The Novotny theme occurs extremely rarely in actual play. The strong English master Amos Burn produced such an example in an offhand game in Liverpool in 1910 (see diagram). In a seemingly desperate position, with his king apparently about to fall to a powerful attack by White's pieces, Burn played 33...Qg4 The point is that if the bishop or pawn takes the queen, the white rook's pin on the black bishop is lifted, allowing 34...Bxd2; if the rook takes the queen, the white bishop no longer protects f3, so Black can play the royal fork 34...Nf3+ and 35...Nxd2. Finally, if 34.Qxg5+, Qxg5 35.Rxg5+ Kh6 (a king fork) wins a piece. Burn won in 15 more moves and was to comment afterwards that his 33...Qg4 demonstrated that there is an element of luck in chess.

In this position, from Rubtsova–Belova, USSR 1945, White has just played the attractive-looking 1.Rf4–g4 Black cannot capture the rook (1...Qxg4? 2.Bxg4; 1...fxg4 2.Qxg5), and White would win a piece after 1...Qf6? 2.Rxg3. However, Black responded with a decisive Novotny, 1...Ne2+ This enables Black to win the rook after 2.Rxe2 Qxg4; 2.Bxe2 Qxe3+ and 3...fxg4; or 2.Kf1 Qxg4. Black won.

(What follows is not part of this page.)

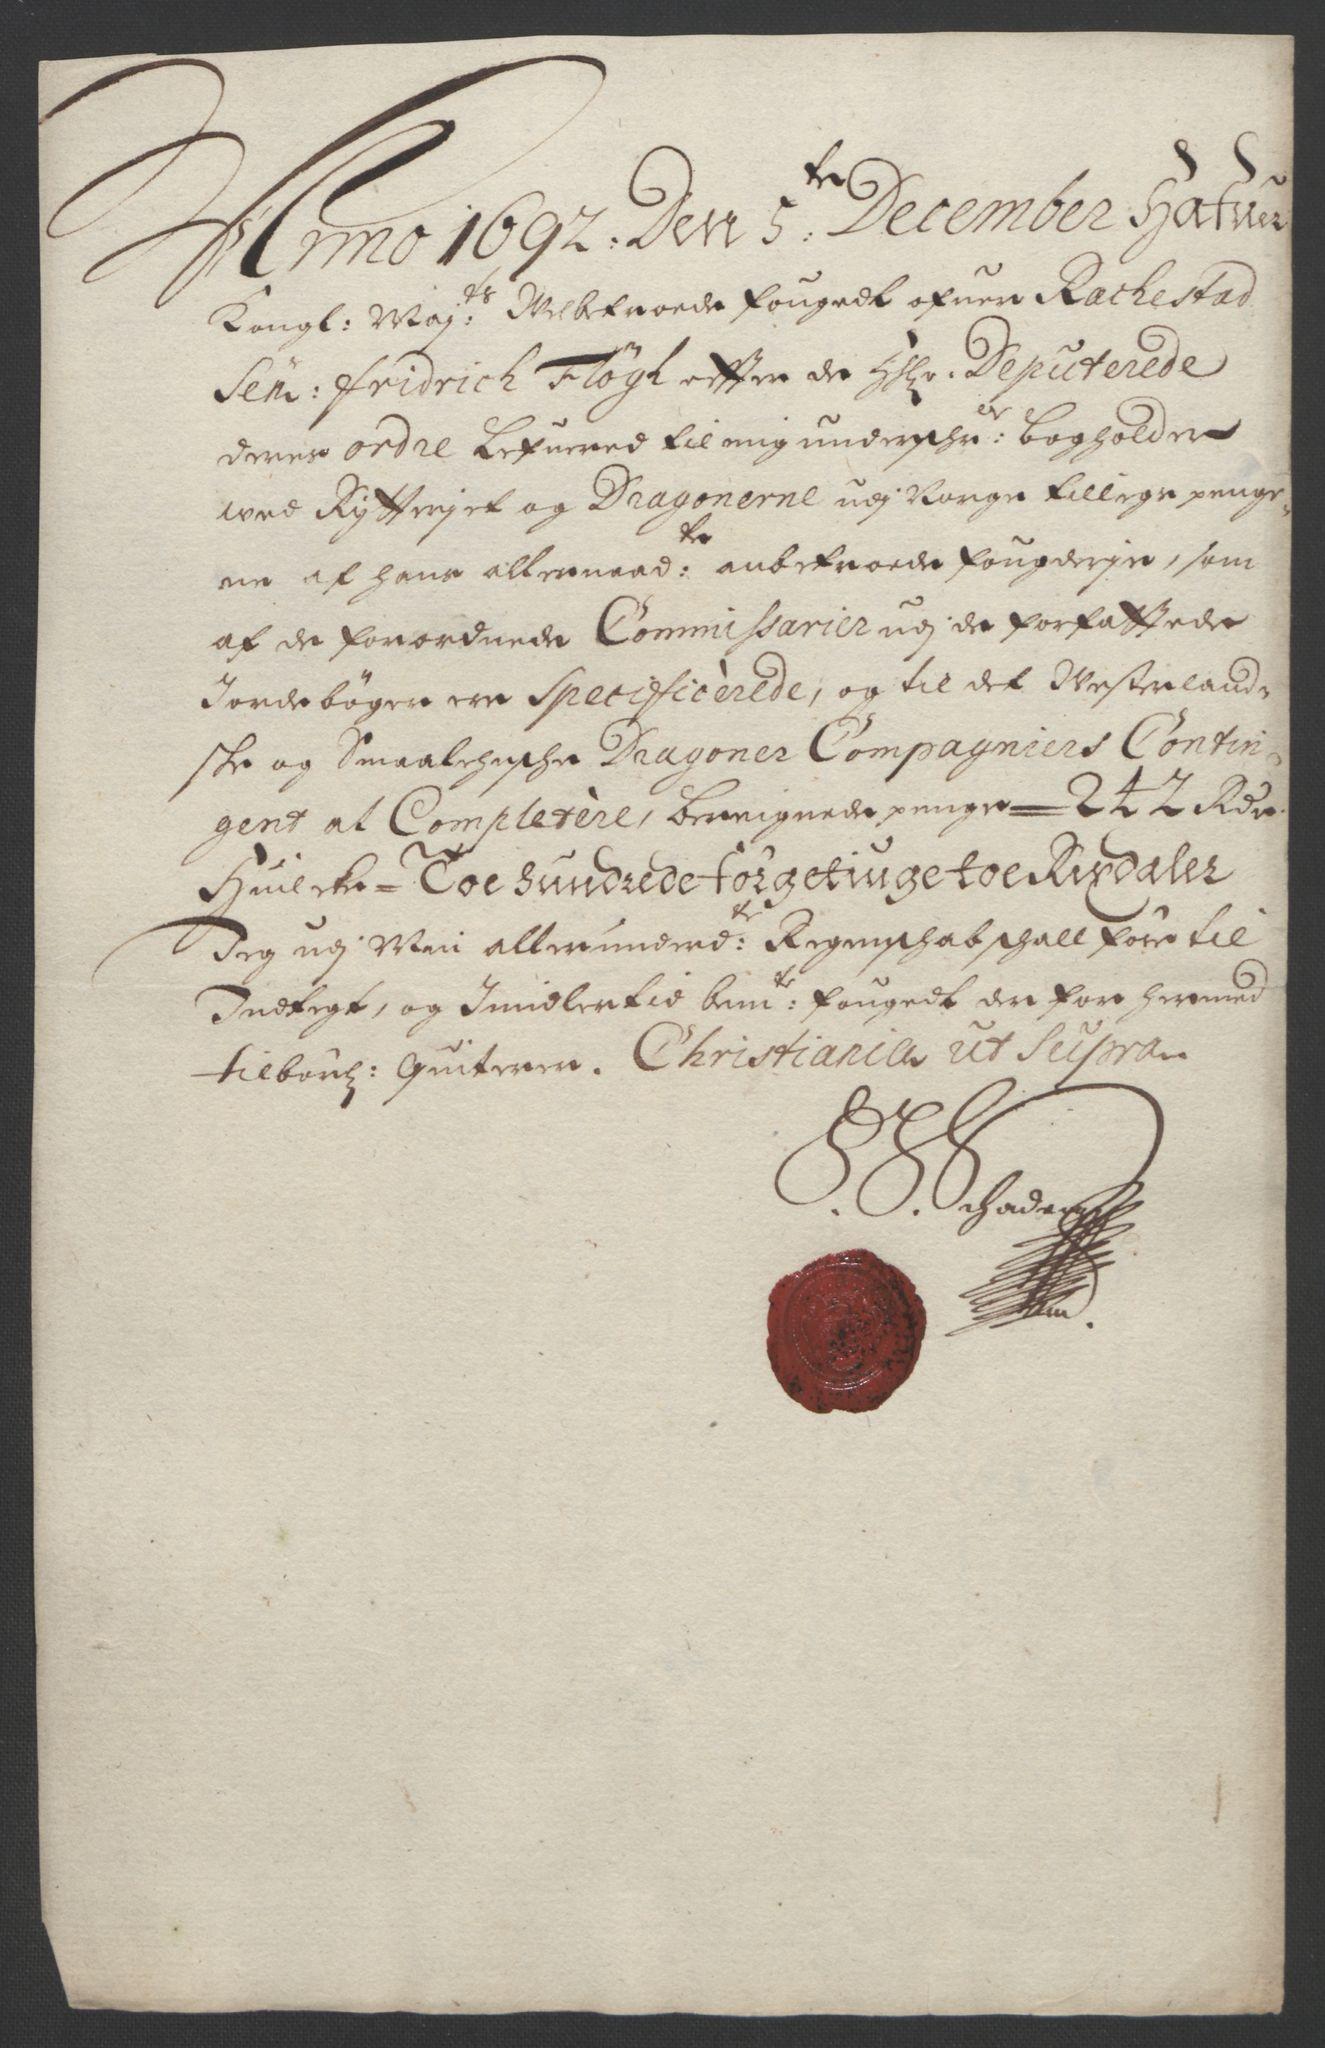 RA, Rentekammeret inntil 1814, Reviderte regnskaper, Fogderegnskap, R05/L0278: Fogderegnskap Rakkestad, 1691-1693, s. 336
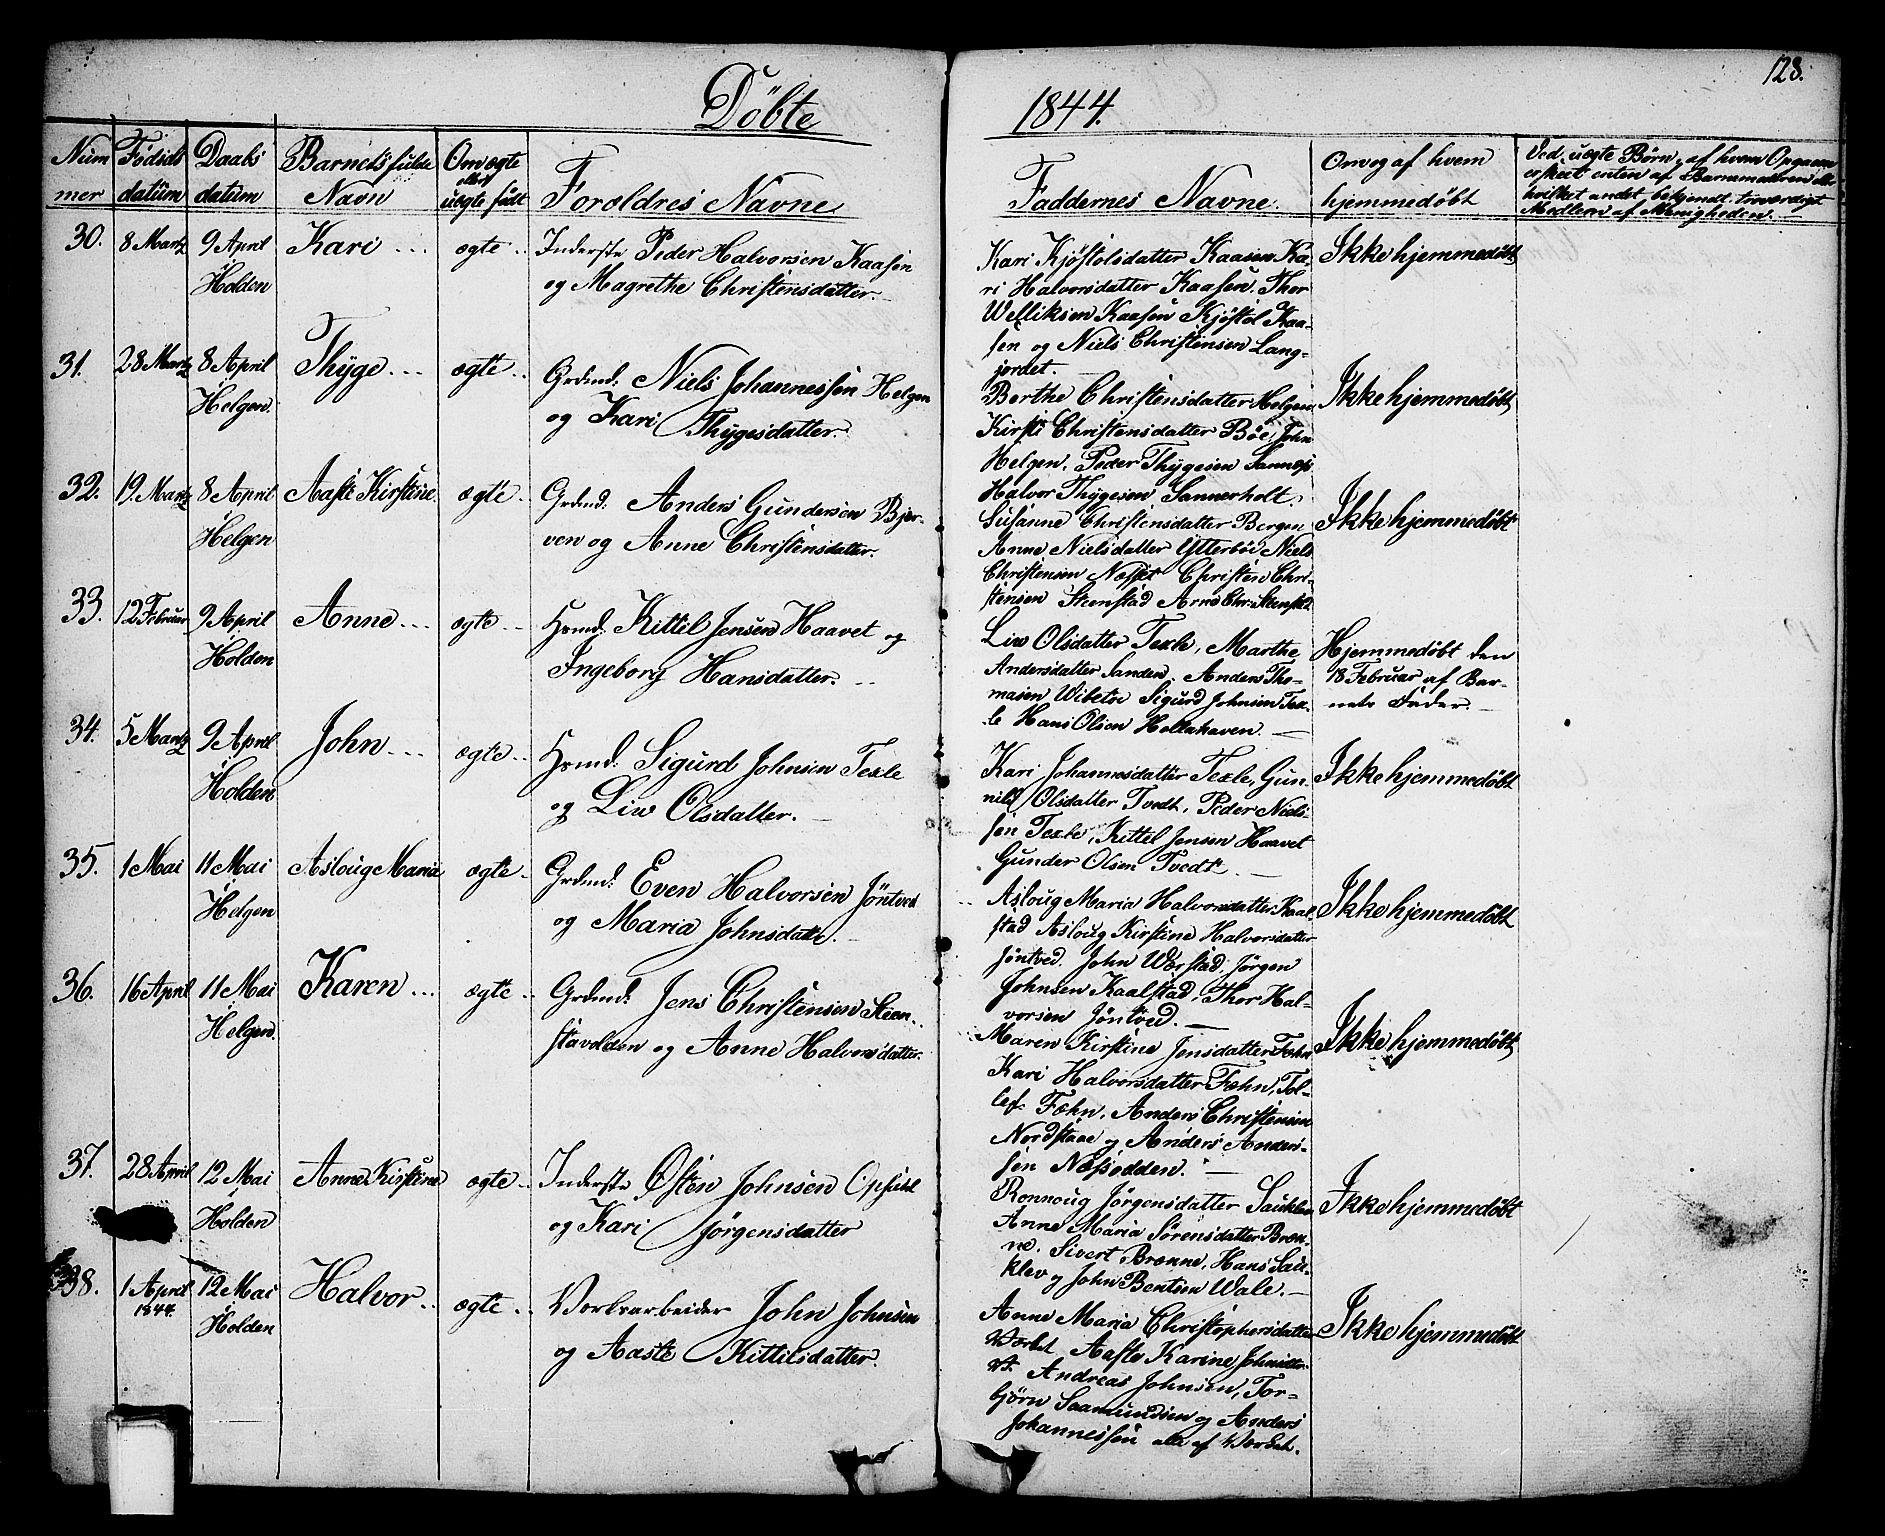 SAKO, Holla kirkebøker, F/Fa/L0004: Ministerialbok nr. 4, 1830-1848, s. 128

The Novotny theme could also have occurred in actual play in E. Berg–J. Zezulkin, Rowy 2000. From this diagram, White could have won with 40.Nf6!! (instead of 40.Qe6?, leading to an eventual draw). After 40.Nf6!!, White would threaten the two thematical mates 41.Qg7# and 41.Qf8# and in addition 41.Rg8# and 41.Qxh7#. Now 40...Bxf6 would block Black's rook, allowing 41.Qf8#, while 40...Rxf6 would block Black's bishop, allowing 41.Qg7#. After 40...Qxh6 which parries both thematical threats White has 41.Rg8#.

The Novotny theme was played in David Navara–Anna Dergatschova-Daus, Ordix Open, Mainz 2007. If White could check on the a2–g8 diagonal, it would force mate quickly. But the black rook guards e6, and the black bishop guards d5. So 36.Rc6!! intersects both lines: 36...Rxc6 37.Qd5+ Re6 38.Qxe6#, or 36...Bxc6 37.Qe6#; and if 36...Qxc6 then 37.e8=Q+ Qxe8 38.Qxe8#.